In a study published in the October 2008 issue of the Journal of the American Dietetic Association, researchers from the University of North Carolina at Chapel Hill report that restrained eating behaviors prior to pregnancy were associated with weight gains above the Institute of Medicine recommendations for normal, overweight and obese women, and weight gains below the recommendations for underweight women.
Concern over low birth weight and preterm birth led many to focus attention on determinants of inadequate weight gain during pregnancy. However, with the rising prevalence of obesity among women of childbearing age and the high proportion of women who are gaining in excess of recommendations during pregnancy, the paradigm has shifted to a focus on the determinants of excessive weight gain during pregnancy.
Over 1200 women participated in the study, which was designed to determine whether a history of preconception dieting practices and restrained eating were related to higher weight gains in pregnancy, and whether this differed by prepregnancy BMI status. To assess behaviors associated with restrained eating patterns such as a history of dieting, concern about eating too much food and weight fluctuations, women completed a questionnaire that focused on their preconception habits. Women who were more overweight or obese tended to be classified as restrained eaters, dieters or weight cyclers.
The Institute of Medicine suggests that women should gain 28 to 40 lbs, 25 to 35 lbs, 15 to 25 lbs and at least 15 lbs for underweight, normal weight, overweight and obese women, respectively. The study found that restrained eating behaviors were associated with not gaining within the targeted weight gains. Most importantly, the effect of restrained eating on maternal weight gain varied by pre-pregnancy weight status.

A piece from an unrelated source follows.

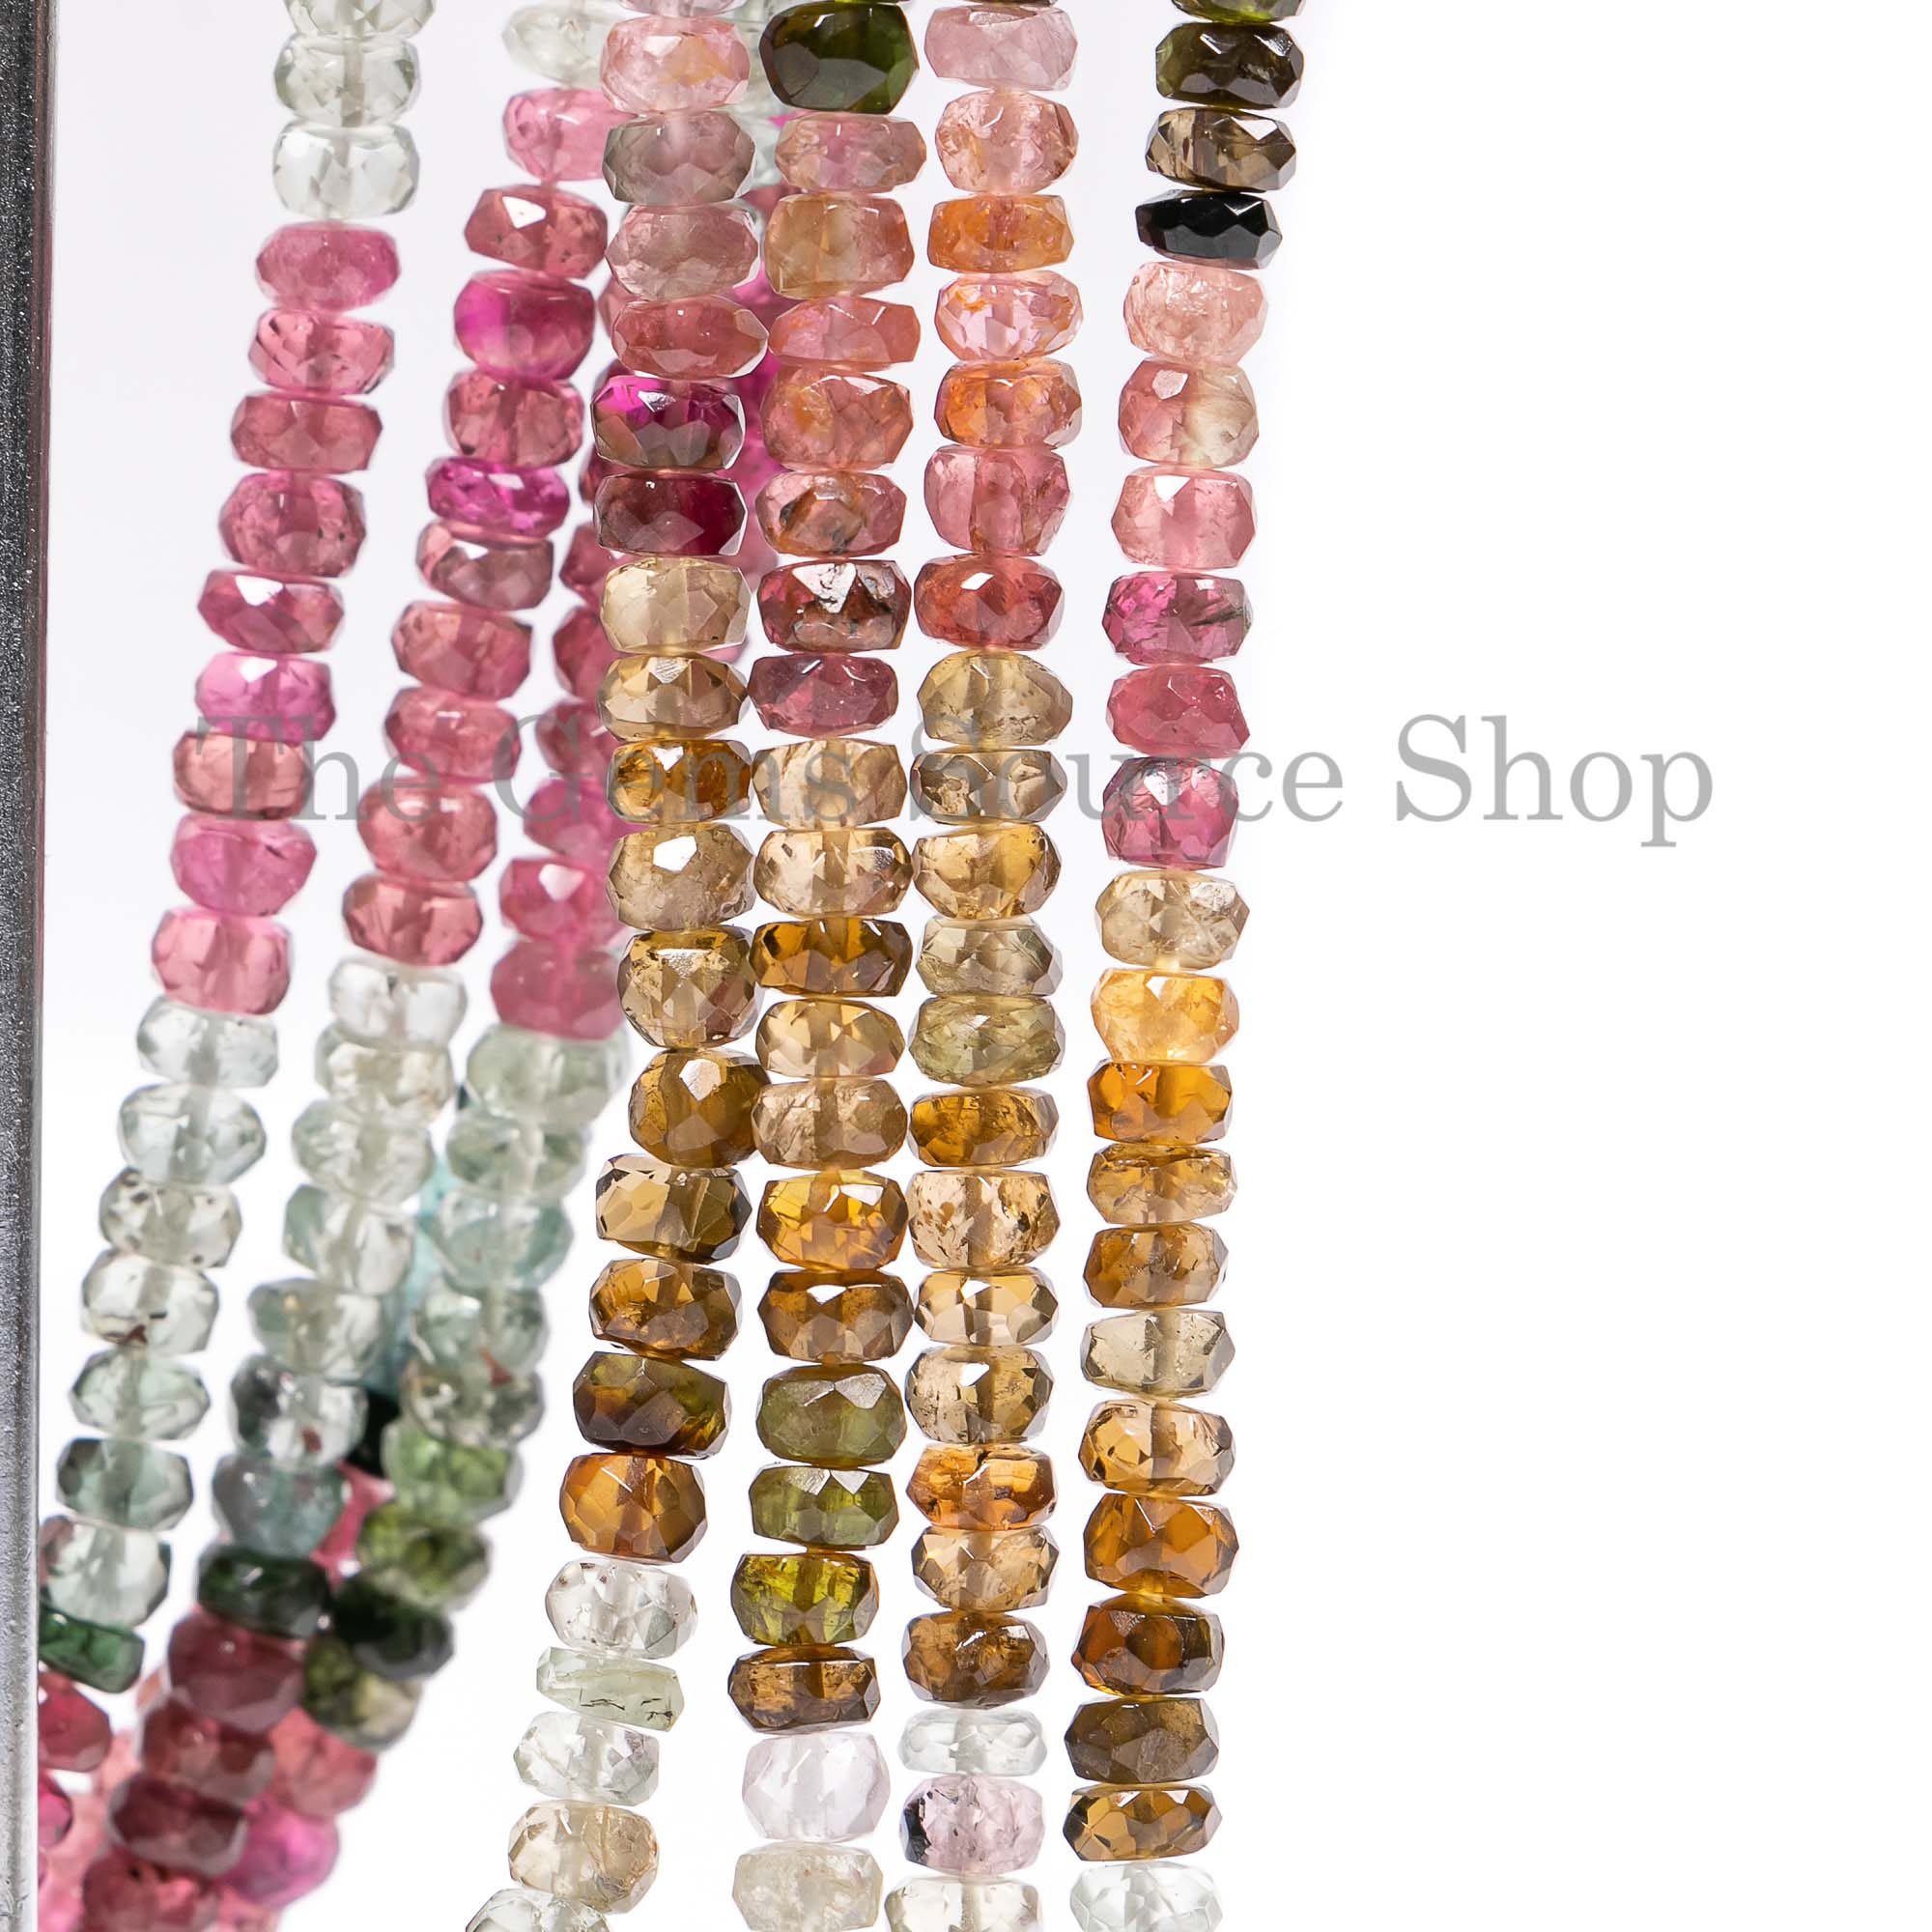 Natural Multi Tourmaline Beads, Tourmaline Faceted Beads, Tourmaline Rondelle Shape Beads, Gemstone Beads
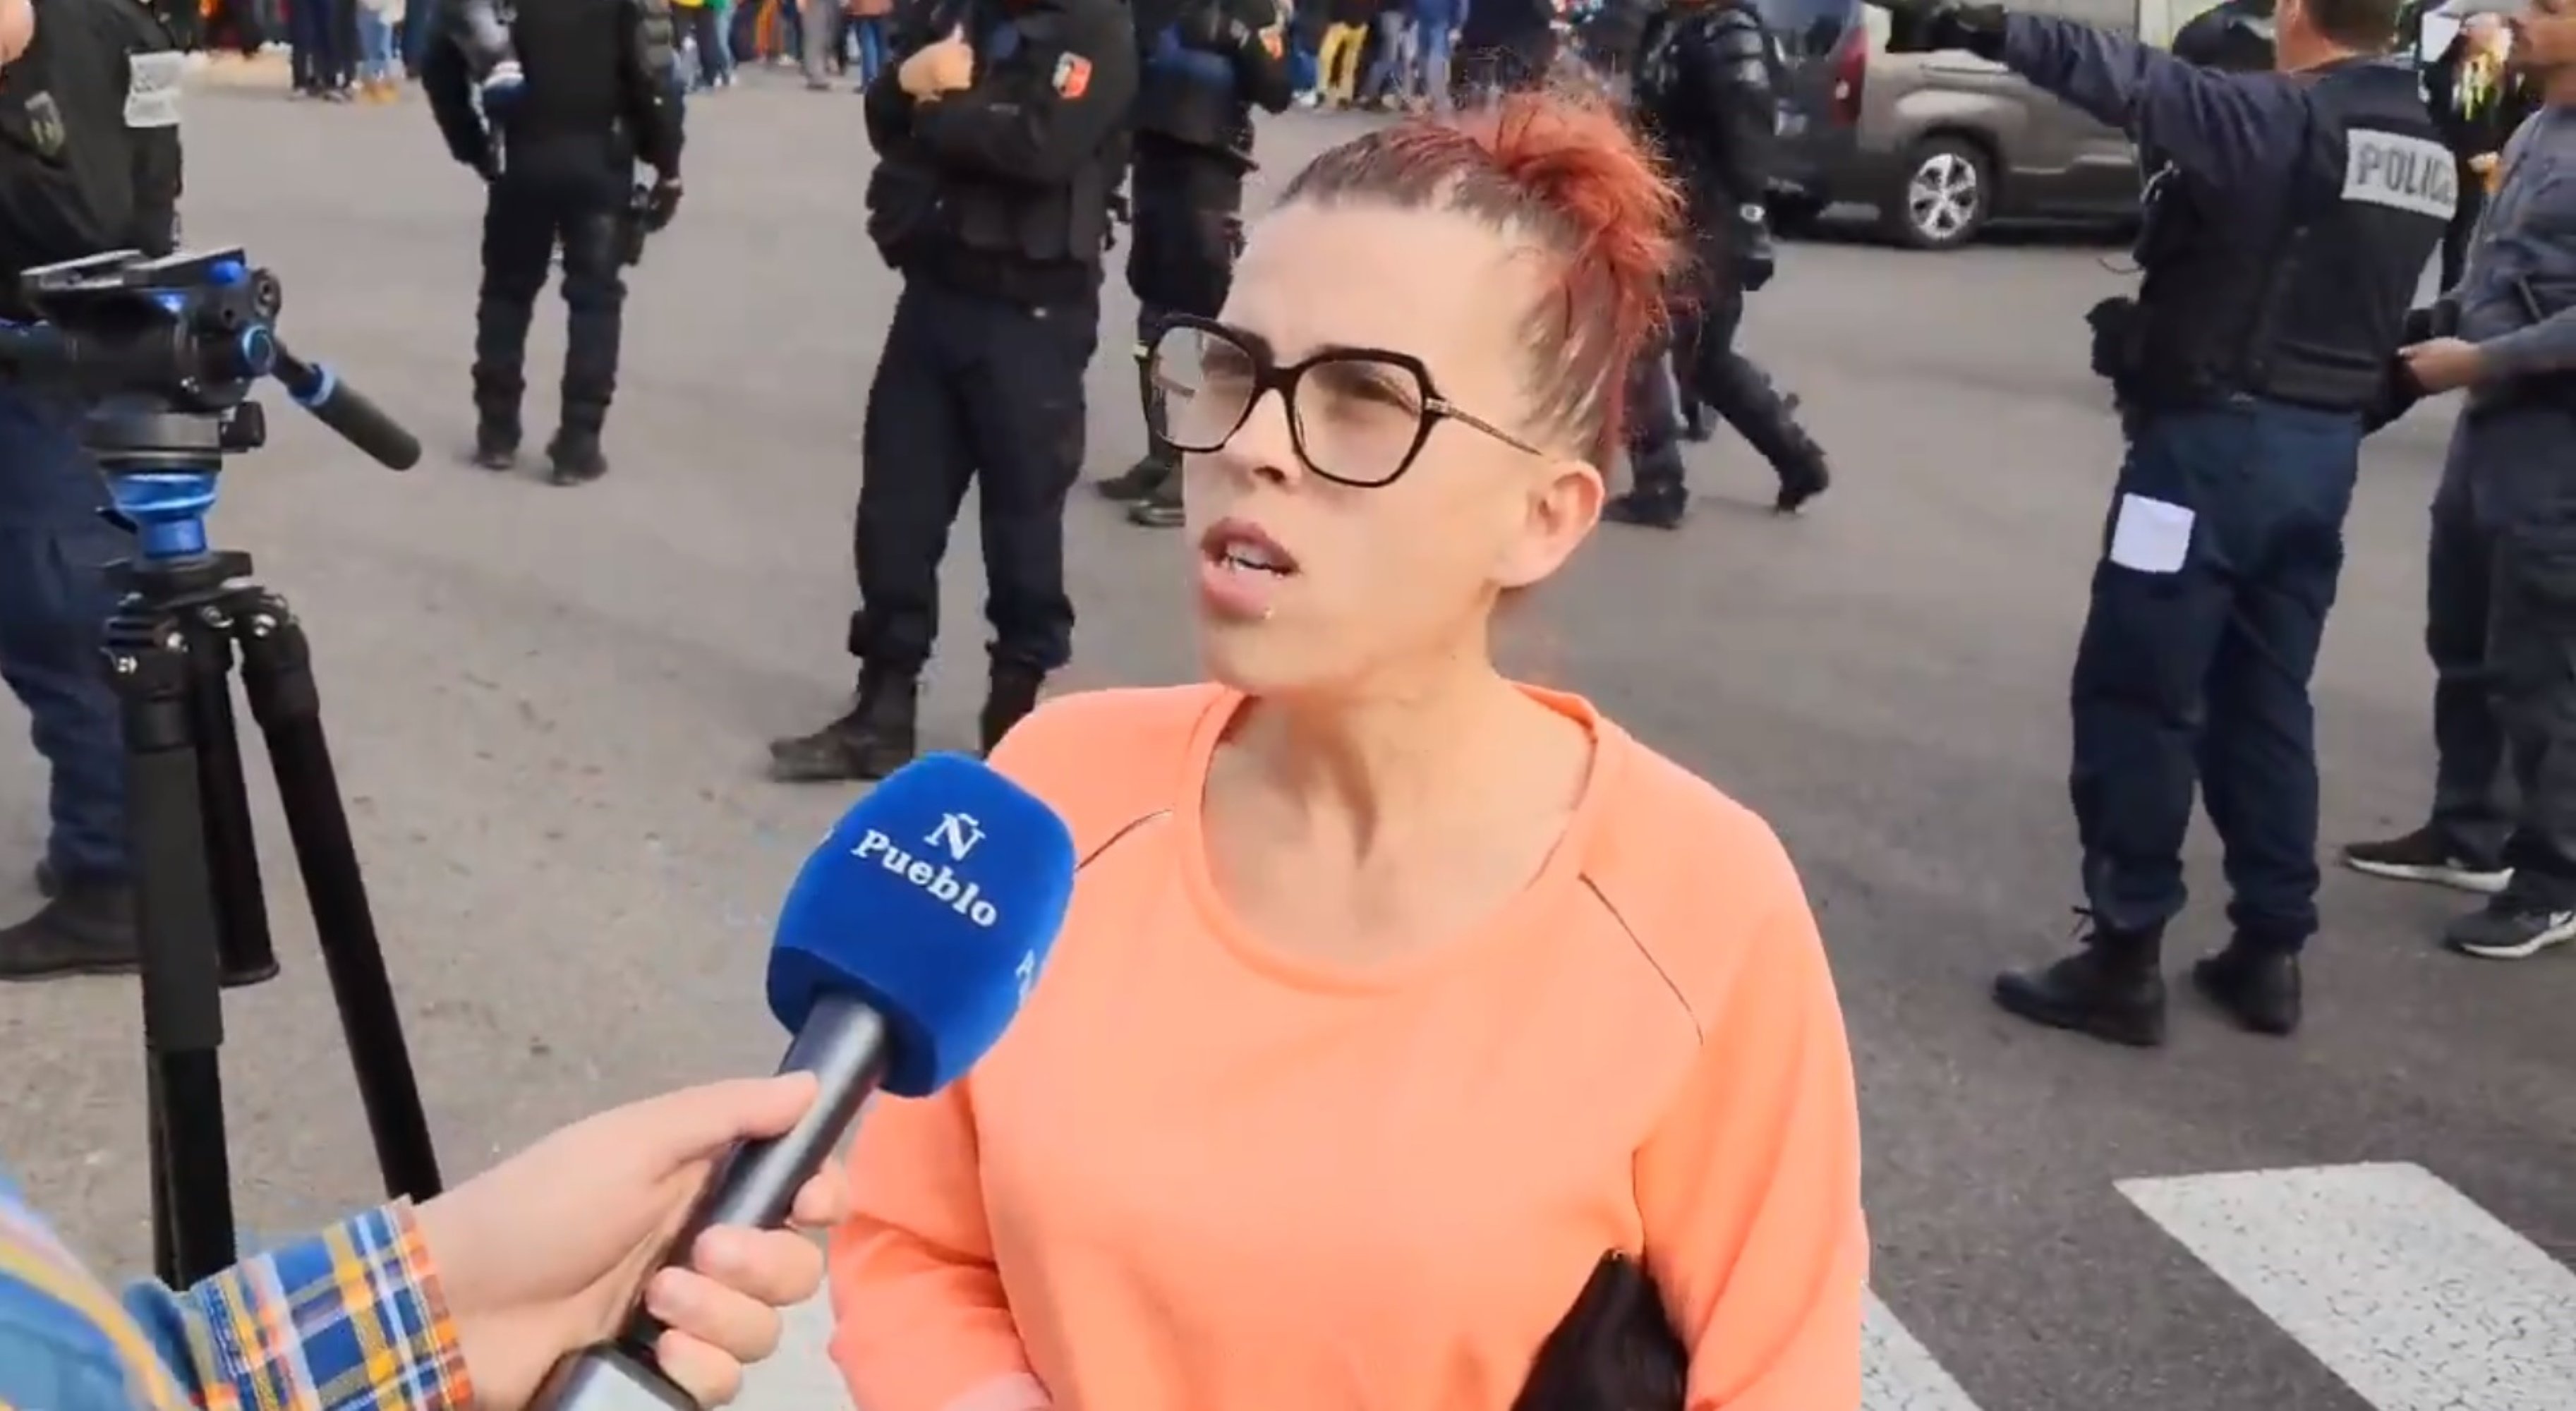 Ridícul viral: fan passar per francesa una dona que critica els indepes però l'accent la delata

Restrained eaters and dieters in the normal, overweight and obese categories tended to gain in excess of recommendations, whereas underweight women gained below the recommendations, when compared to women who did not display restrained eating behaviors.
Co-author Anna Maria Siega-Riz, PhD, RD, suggests that the information from this study “could potentially be used by dietitians and health care providers at a preconception care visit or during family planning to identify women at risk for unhealthy eating behaviors. Women who are identified, particularly those who are underweight, should be followed up for potential eating disorders. For women who are not underweight, counseling and extra support could be given on healthy eating behaviors, increasing physical activity levels, and ways to eliminate stress which may increase the consumption of foods in certain social settings or in reaction to life events.
During pregnancy it would be useful to target these women with similar nutritional and physical activity strategies in order to avoid excessive weight gain and adverse pregnancy outcomes such as caesarean sections, Macrosomia, and large-for-gestational age (LGA) as well as shorter duration of breastfeeding and higher weight retention in the postpartum period.”